For every line below, output the text exactly and leave out images.

• **EXERCISE DATA**:
^^^^

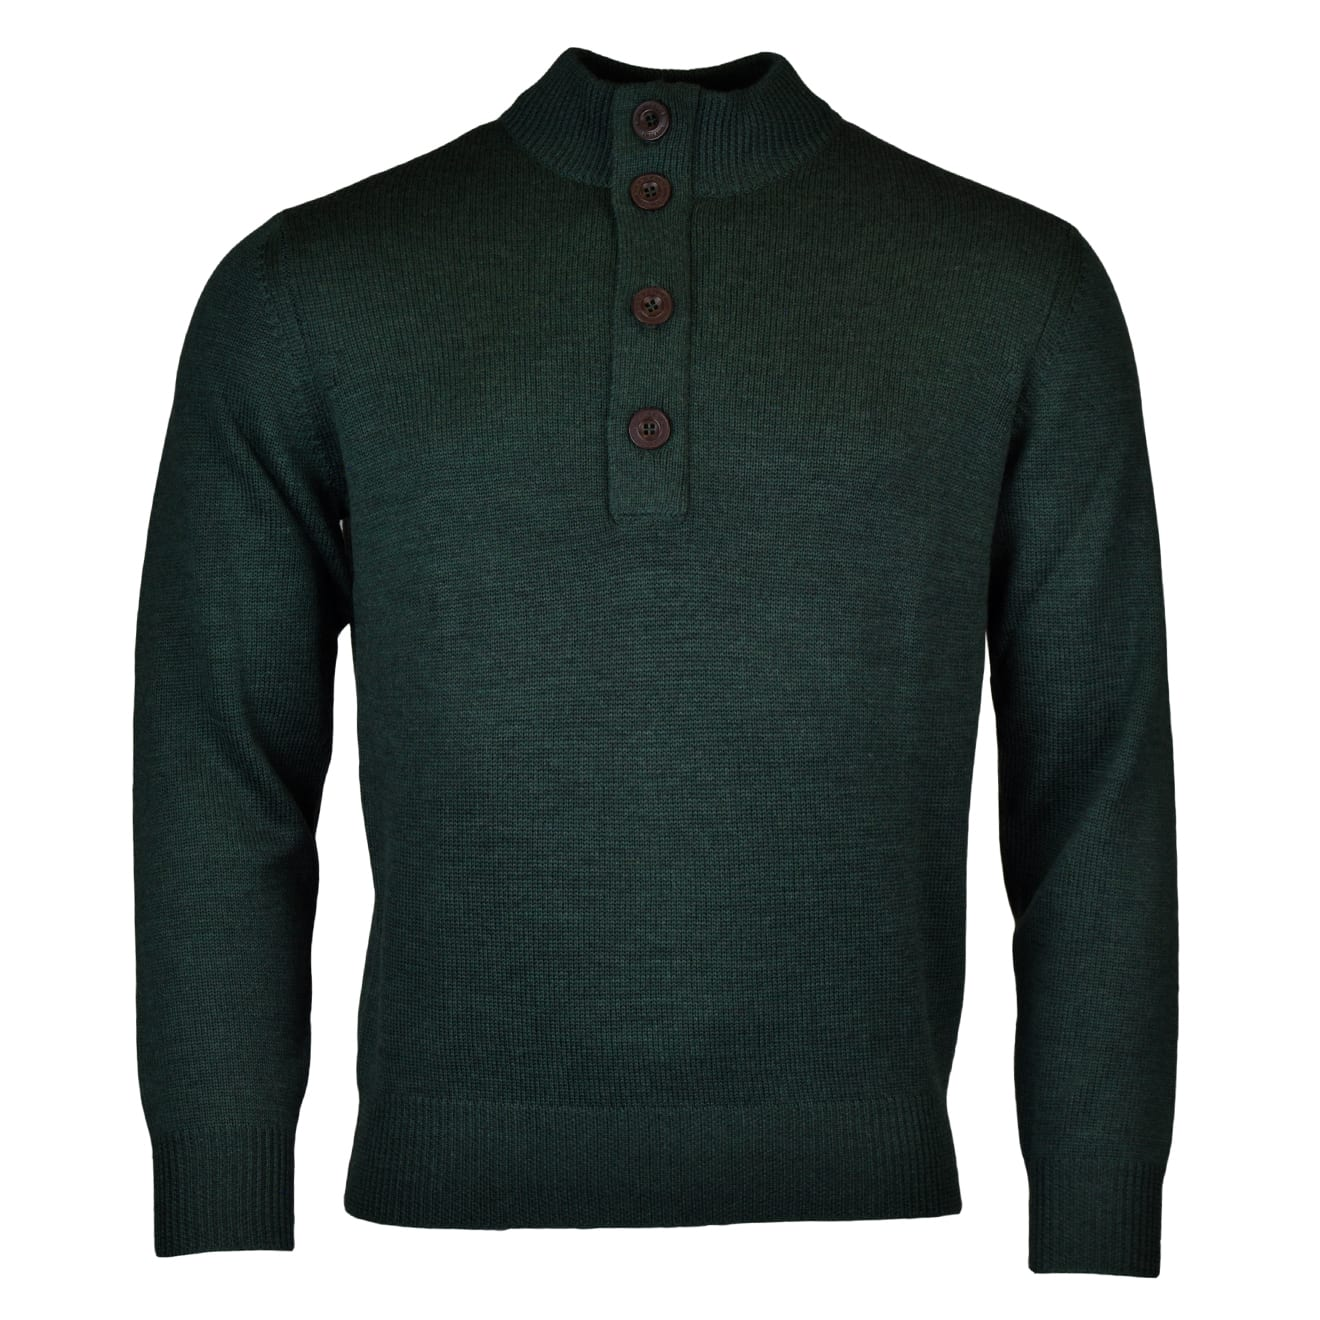 Alan Paine tain button half zip mock knit hunter 2
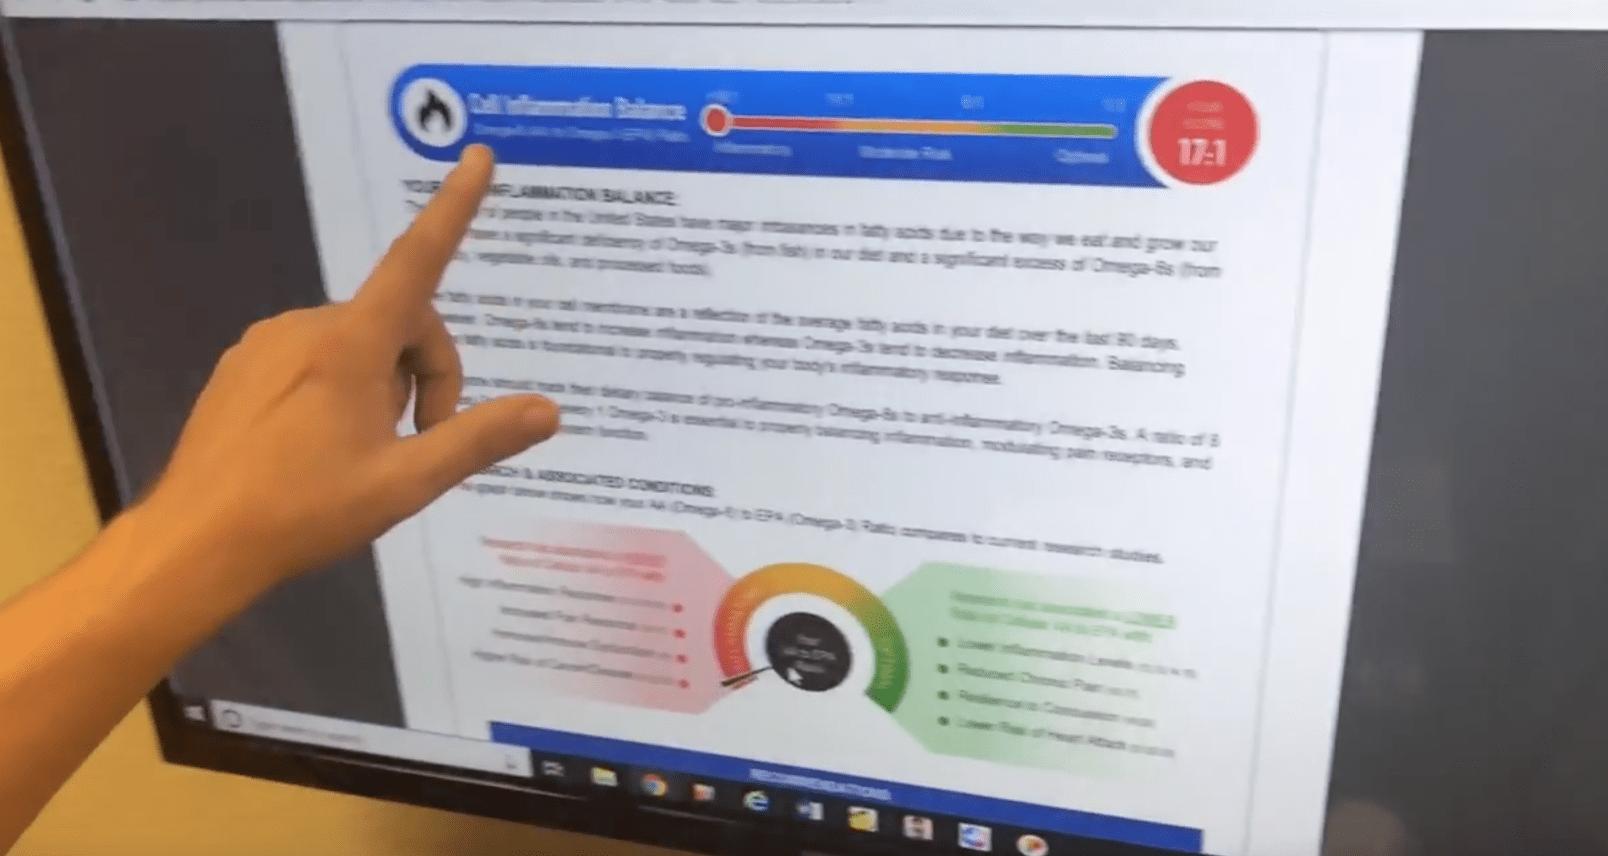 Powerful Predictive Concussion Test
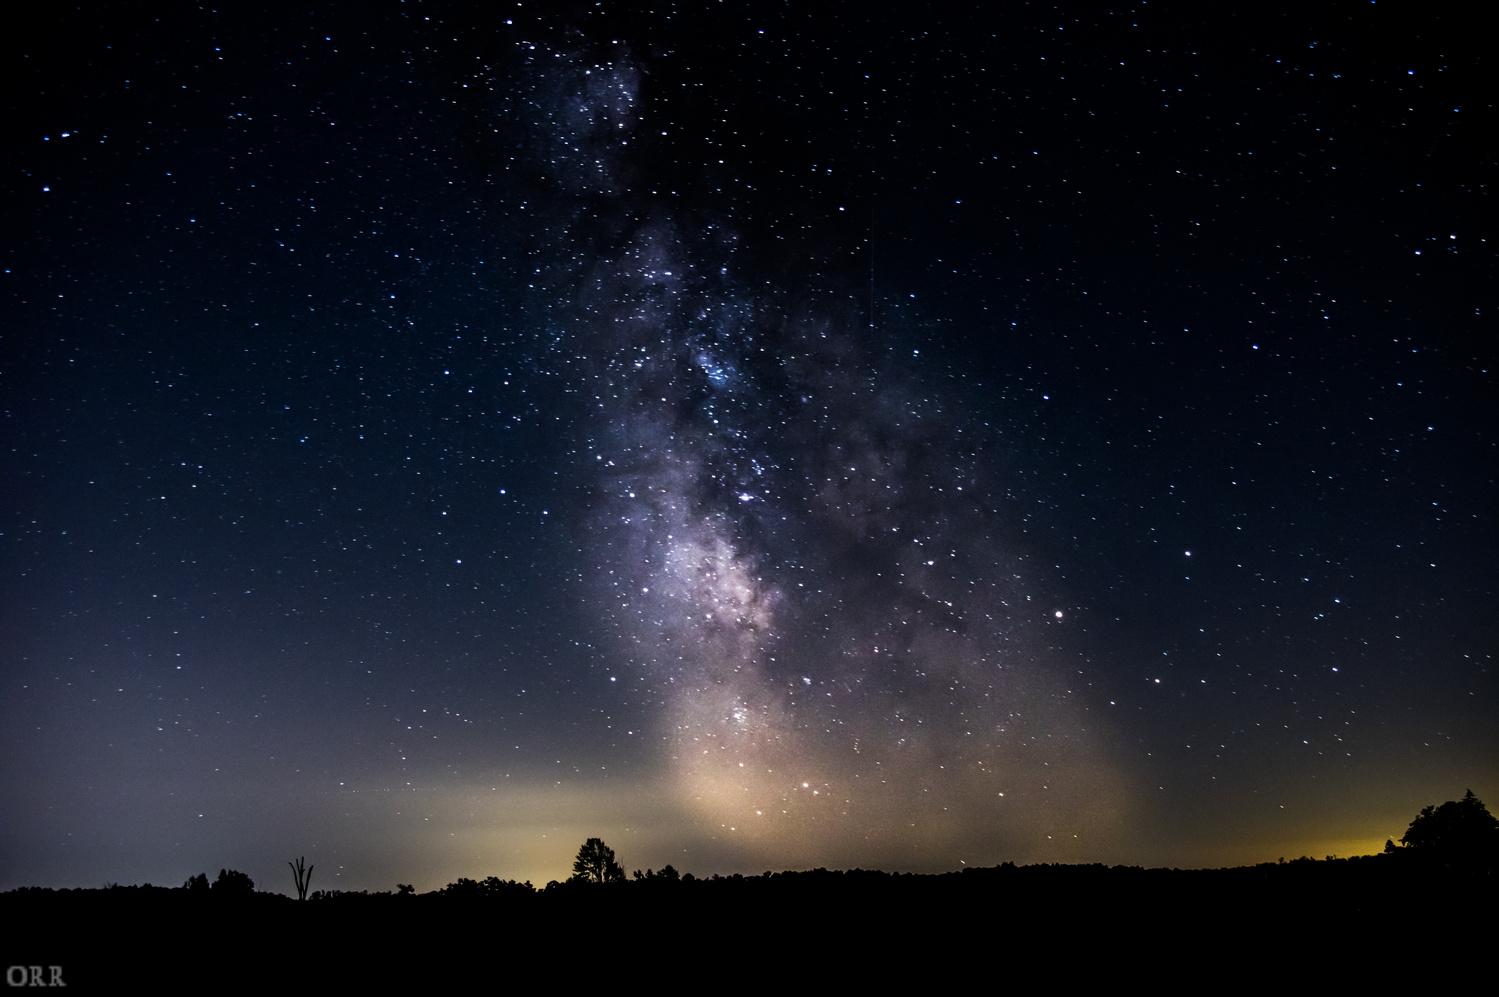 Milky way by Jason Orr
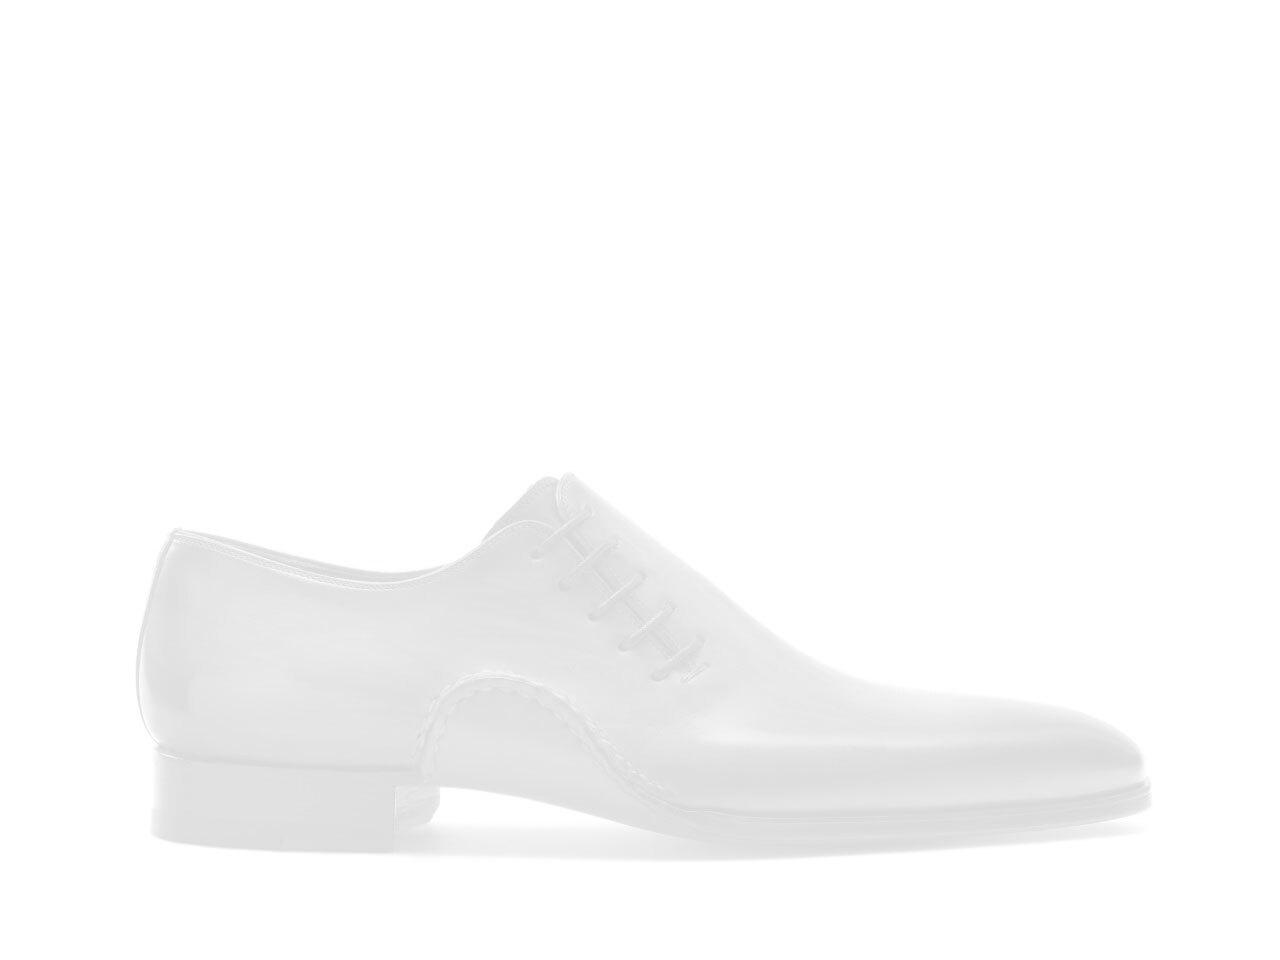 Pair of the Magnanni Amadeo Cognac Men's Sneakers

^^^^

• **RESPONSE AREA**:
 Alan Paine tain button half zip mock knit hunter 2
 Powerful Predictive Concussion Test
 Milky way by Jason Orr
 Pair of the Magnanni Amadeo Cognac Men's Sneakers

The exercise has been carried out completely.